Simon Trumper (born 31 May 1963) is an English professional poker player from South Kensington, London, England. He is chiefly noted as the winner of Late Night Poker series 2 and runner-up of series 4. Trumper also commentated on the Late Night Poker Ace spin-off series alongside Jesse May.

As a child, Trumper was expelled from secondary school for playing poker dice after finishing a mathematics exam. He started playing in 1995 when he entered a £10 tournament in Reading with a friend on a night out.
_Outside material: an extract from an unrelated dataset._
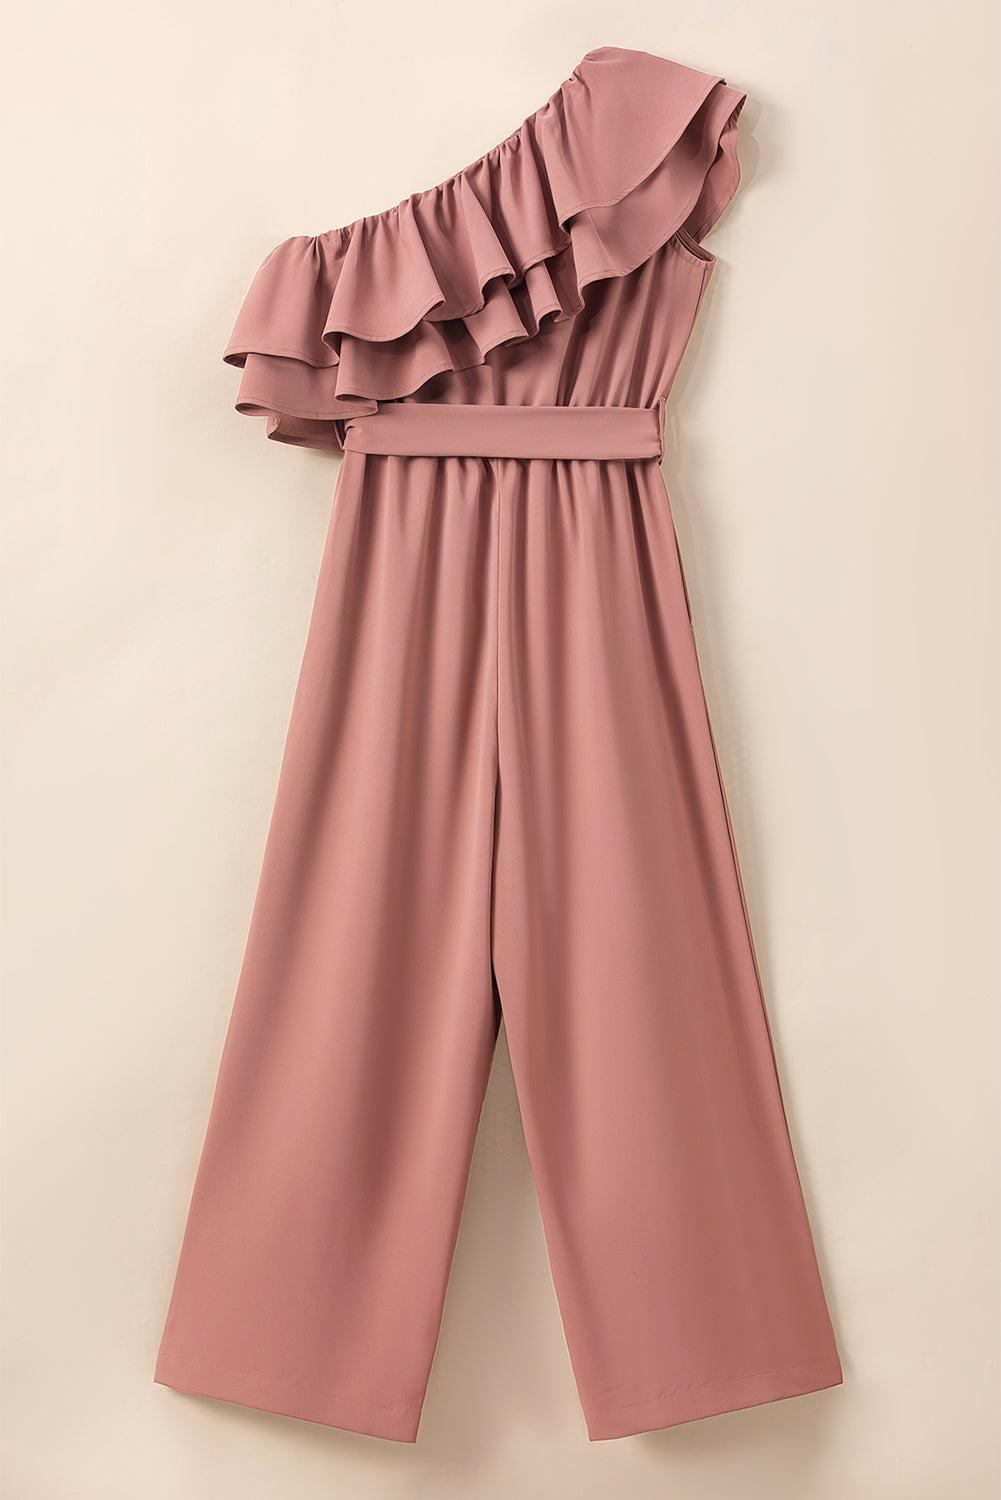 a pink jumpsuit hanging on a wall

He was also bullied a lot due to his surname 'Trumper'.

At the World Series of Poker he has had a 4th-place finish in the 2002 $3,000 No Limit Hold-Em event, which also featured Johnny Chan and Kathy Liebert, and a 4th-place finish in the 2005 $10,000 Pot Limit Omaha event, which also featured Todd Brunson, Barry Greenstein (who lost a critical pot to Simon and then complained about it in his blog), Erik Seidel, and Julian "The Kid" Gardner. He has not yet featured in the World Poker Tour.

In May 2005, he reached the fourth round of the €2,000 World Heads-Up Championship, earning €3,250.

Trumper owns a pair of gold and diamond aces to cap his cards as a good luck charm. He admires Dave "The Devilfish" Ulliott, T. J. Cloutier and Erik Seidel above all other poker players.

He is a non-smoker, and would like to see smoking banned from all poker games. Trumper suffers from the hair loss condition, Alopecia.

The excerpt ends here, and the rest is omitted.